12 Car je délivrais le pauvre en détresse et l'orphelin privé d'appui.
13 La bénédiction du mourant se posait sur moi et je rendais la joie au coeur de la veuve.
14 J'avais revêtu la justice comme un vêtement, j'avais le droit pour manteau et turban.
15 J'étais les yeux de l'aveugle, les pieds du boiteux.
16 C'était moi le père des pauvres; la cause d'un inconnu, je l'examinais.
17 Je brisais les crocs de l'homme inique, d'entre ses dents j'arrachais sa proie.
18 Et je disais : "Je mourrai dans ma fierté, après des jours nombreux comme le sable.

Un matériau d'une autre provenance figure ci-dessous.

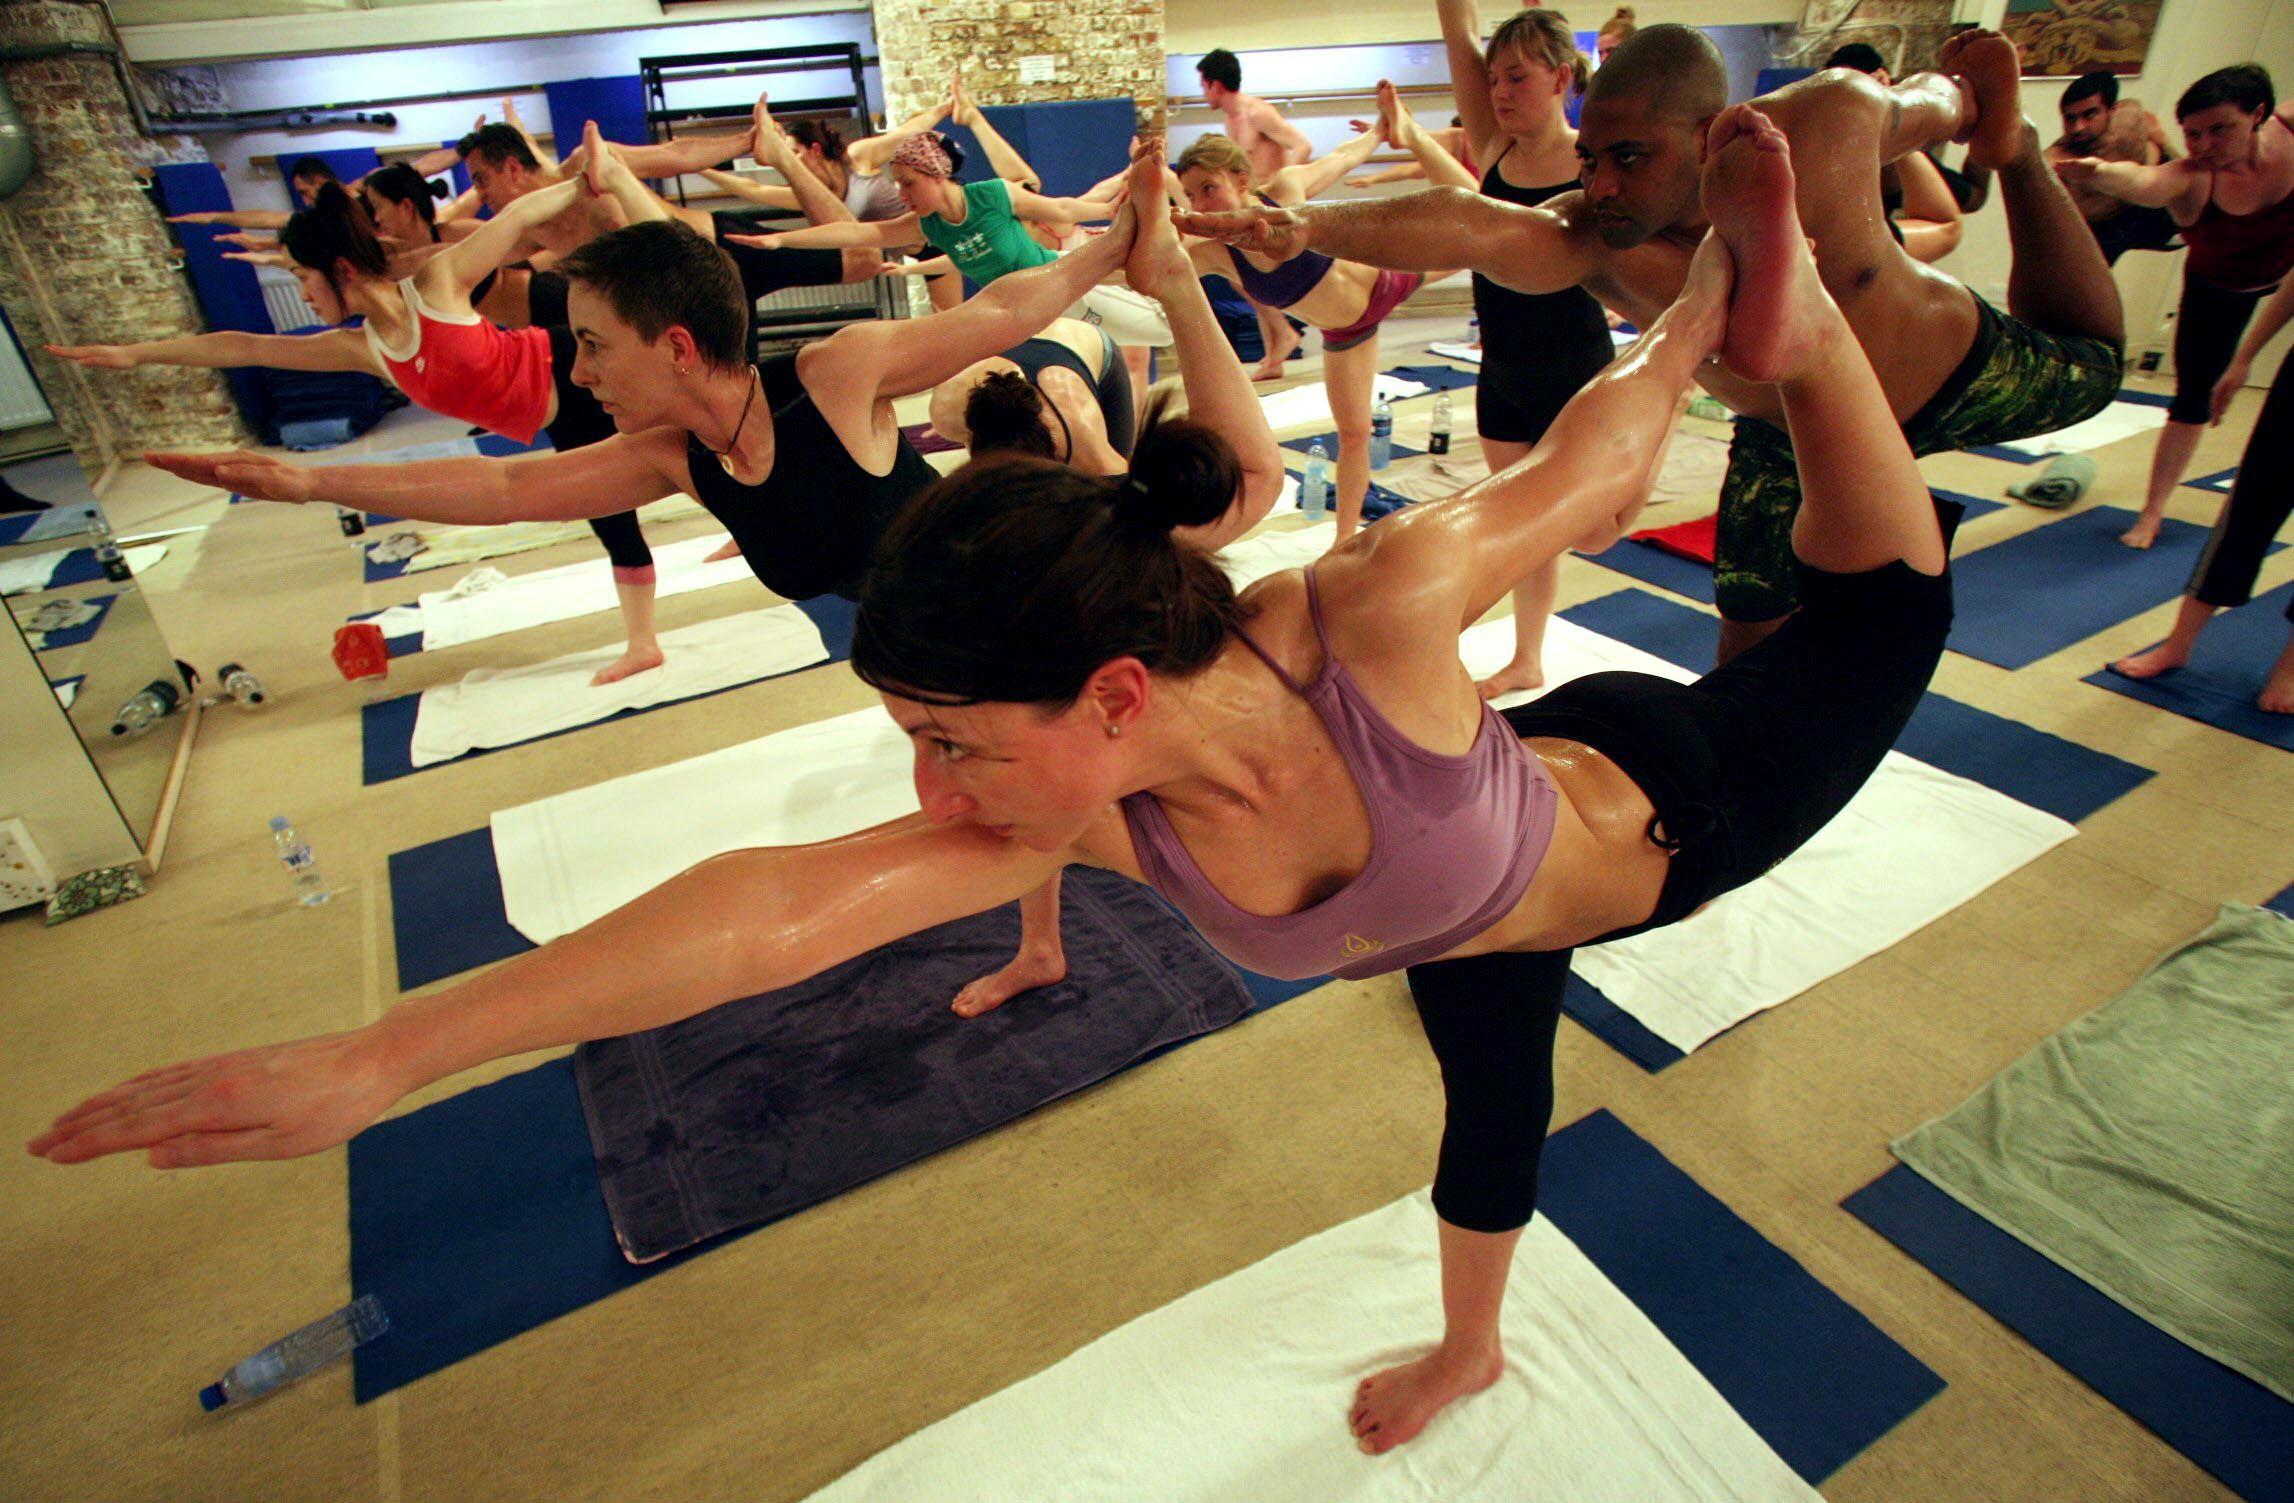 Bikram yoga founder bikram choudhury sexual harassment

19 Mes racines ont accès à l'eau, la rosée se dépose la nuit sur mon feuillage.
20 Ma gloire sera toujours nouvelle et dans ma main mon arc reprendra force.
21 Ils m'écoutaient, dans l'attente, silencieux pour entendre mon avis.
22 Quand j'avais parlé, nul ne répliquait, et sur eux, goutte à goutte, tombaient mes paroles.
23 Ils m'attendaient comme la pluie, leur bouche s'ouvrait comme pour l'ondée de printemps.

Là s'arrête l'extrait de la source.